Task details >> In your copy, leave out the pictures and reproduce the listing below exactly.

*** Given information Section Begins ***

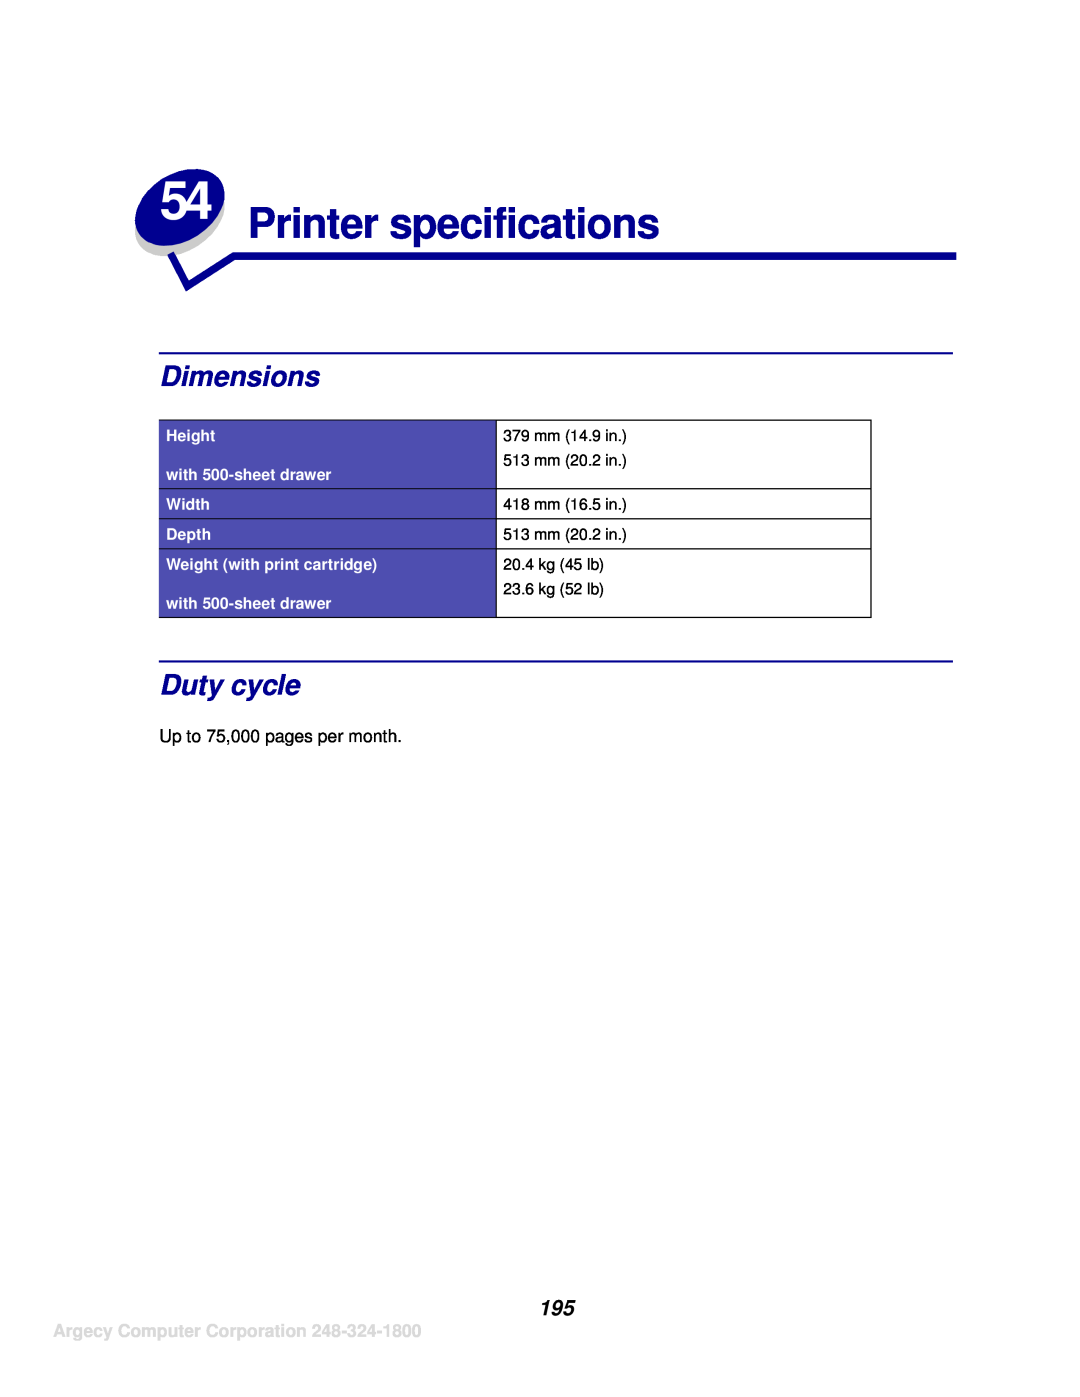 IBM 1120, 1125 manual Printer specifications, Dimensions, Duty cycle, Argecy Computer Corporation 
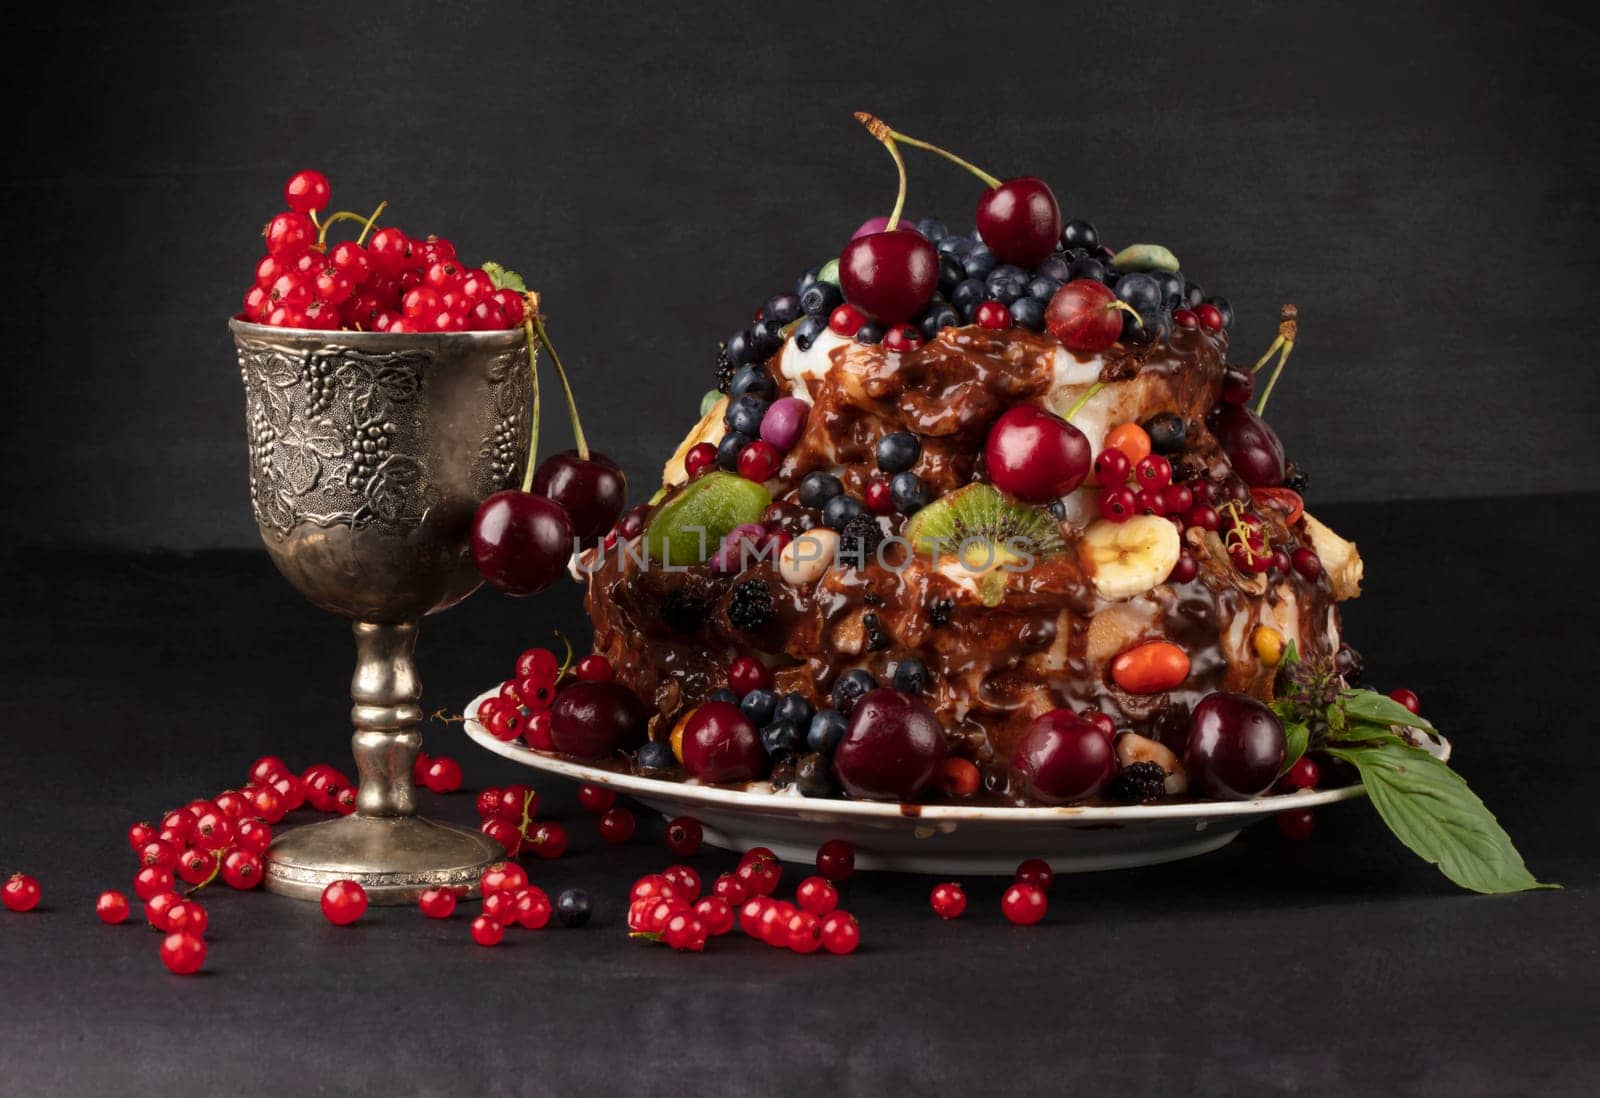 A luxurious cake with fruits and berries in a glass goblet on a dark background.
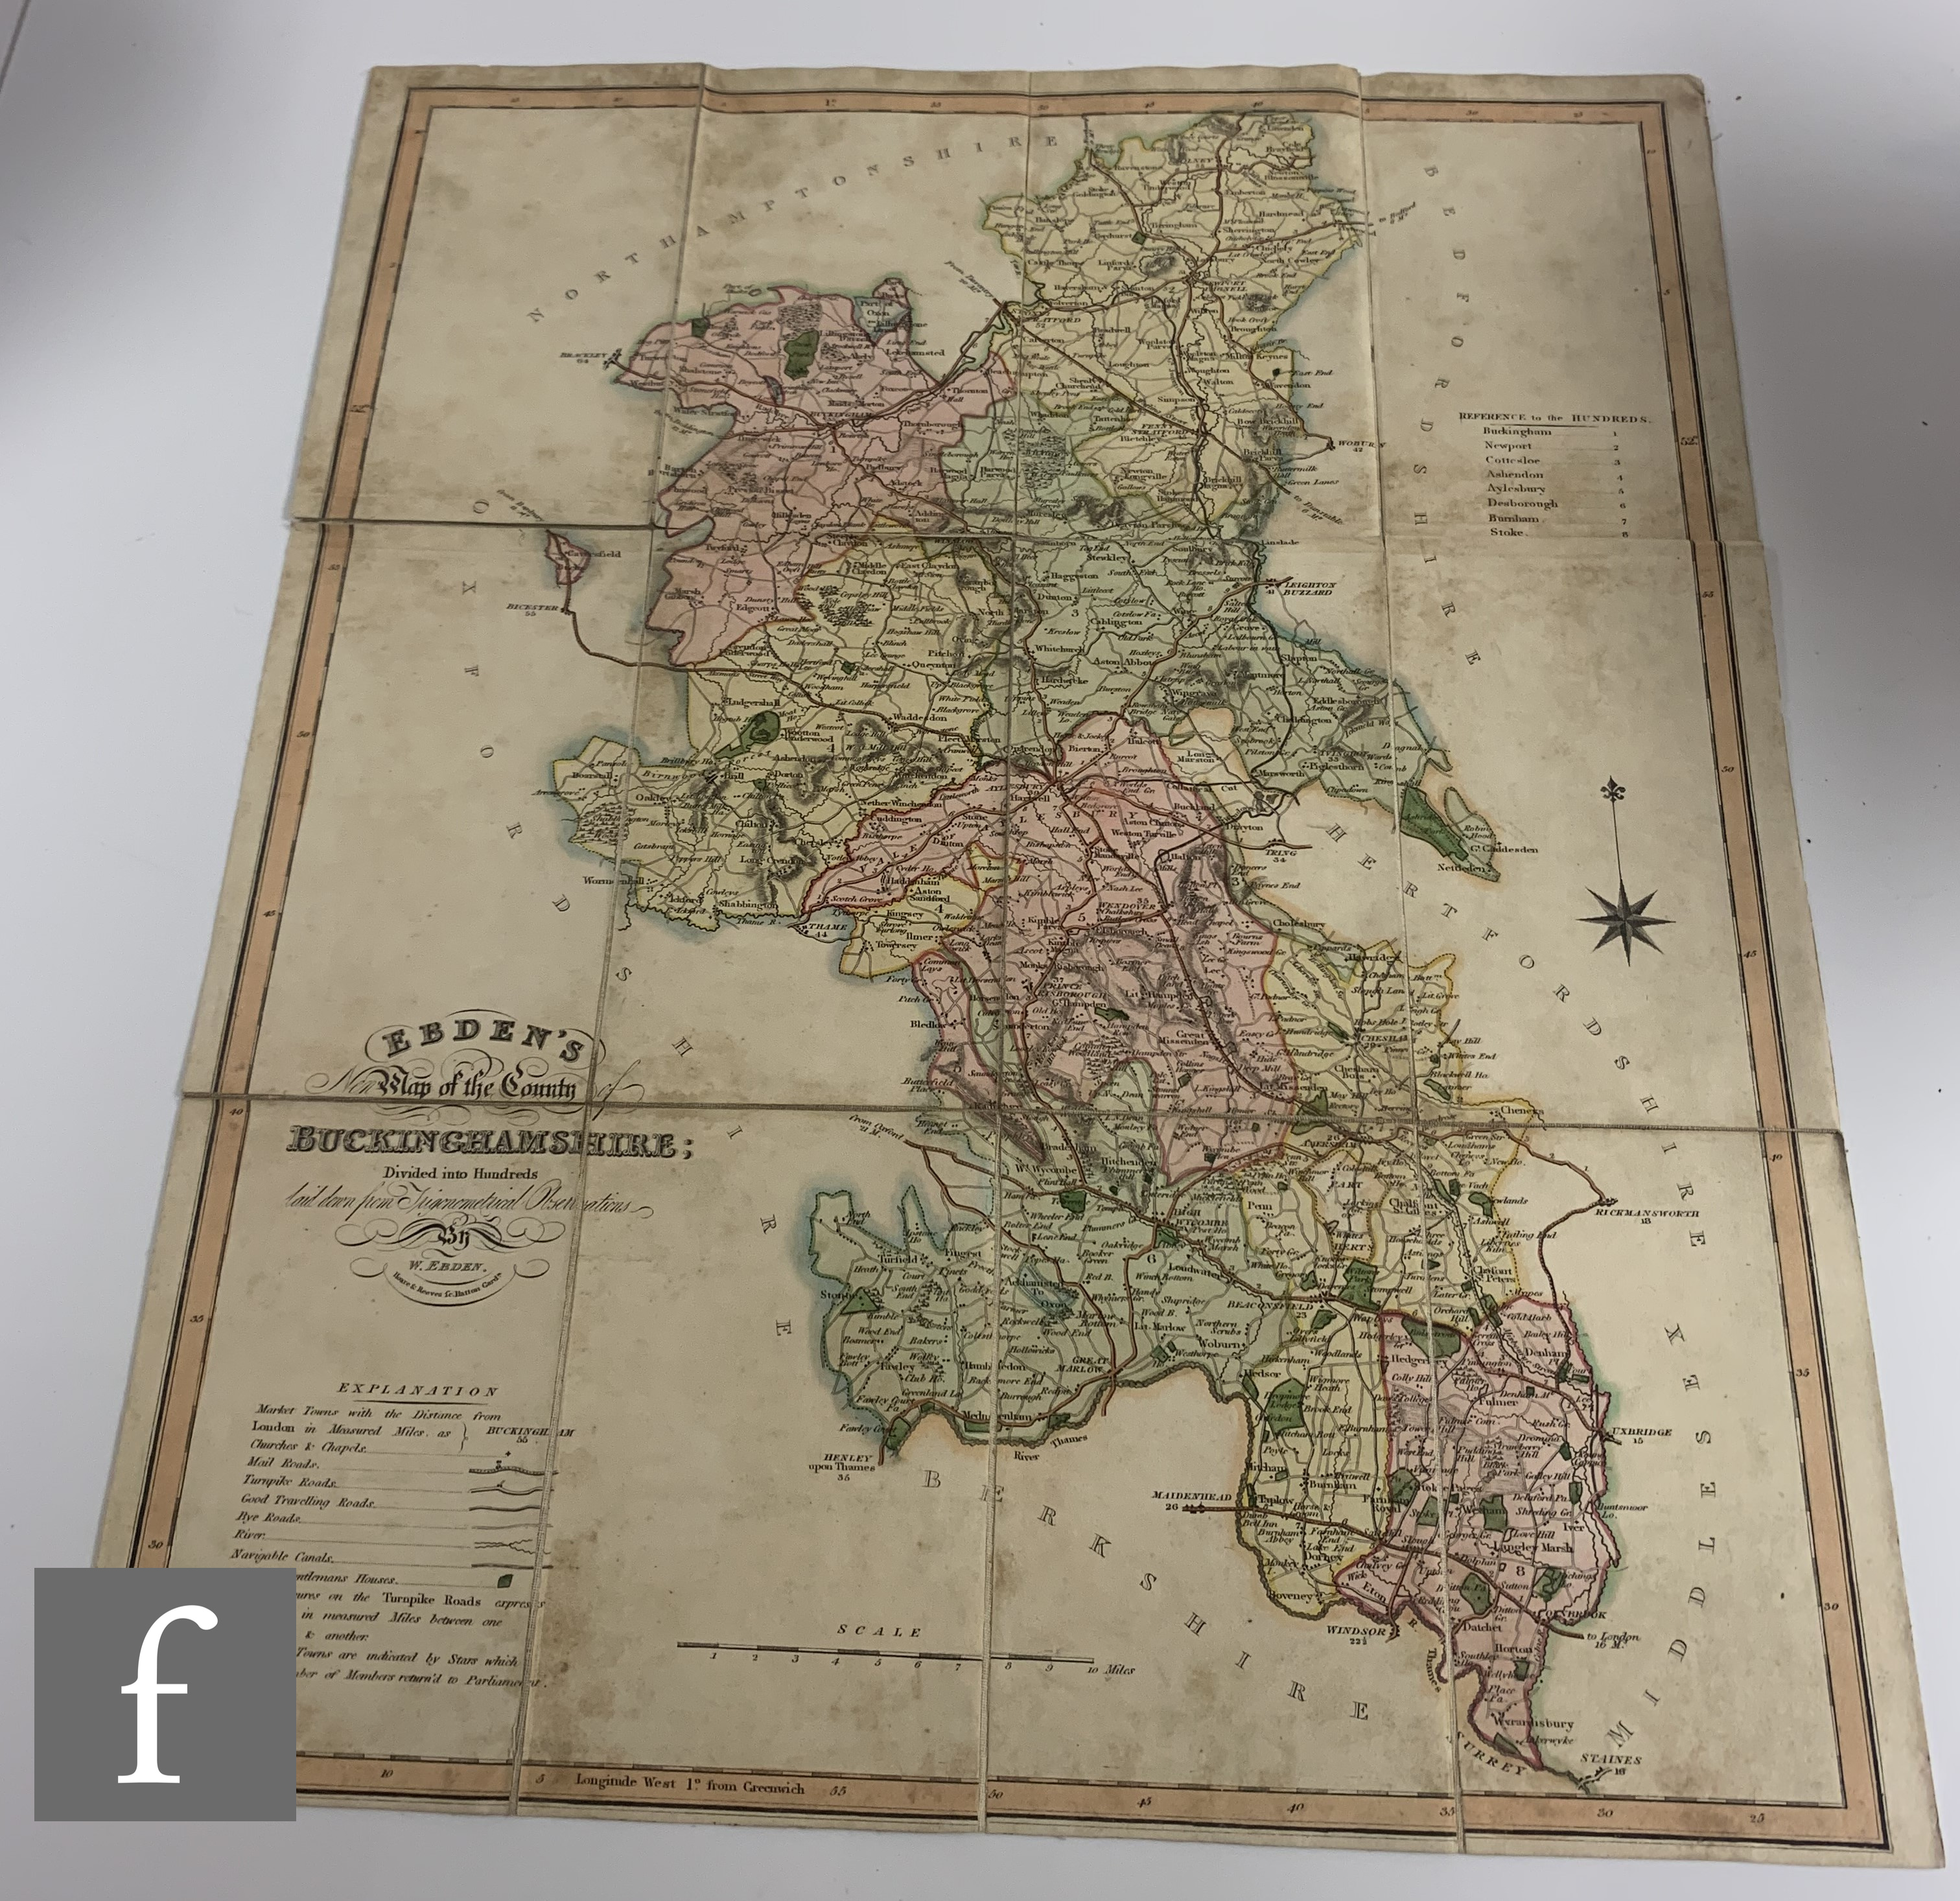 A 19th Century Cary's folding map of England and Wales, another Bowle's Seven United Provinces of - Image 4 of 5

*** Given information Section Ends ***

Response to this task >>
 IBM 1120, 1125 manual Printer specifications, Dimensions, Duty cycle, Argecy Computer Corporation 
 A luxurious cake with fruits and berries in a glass goblet on a dark background.
 A 19th Century Cary's folding map of England and Wales, another Bowle's Seven United Provinces of - Image 4 of 5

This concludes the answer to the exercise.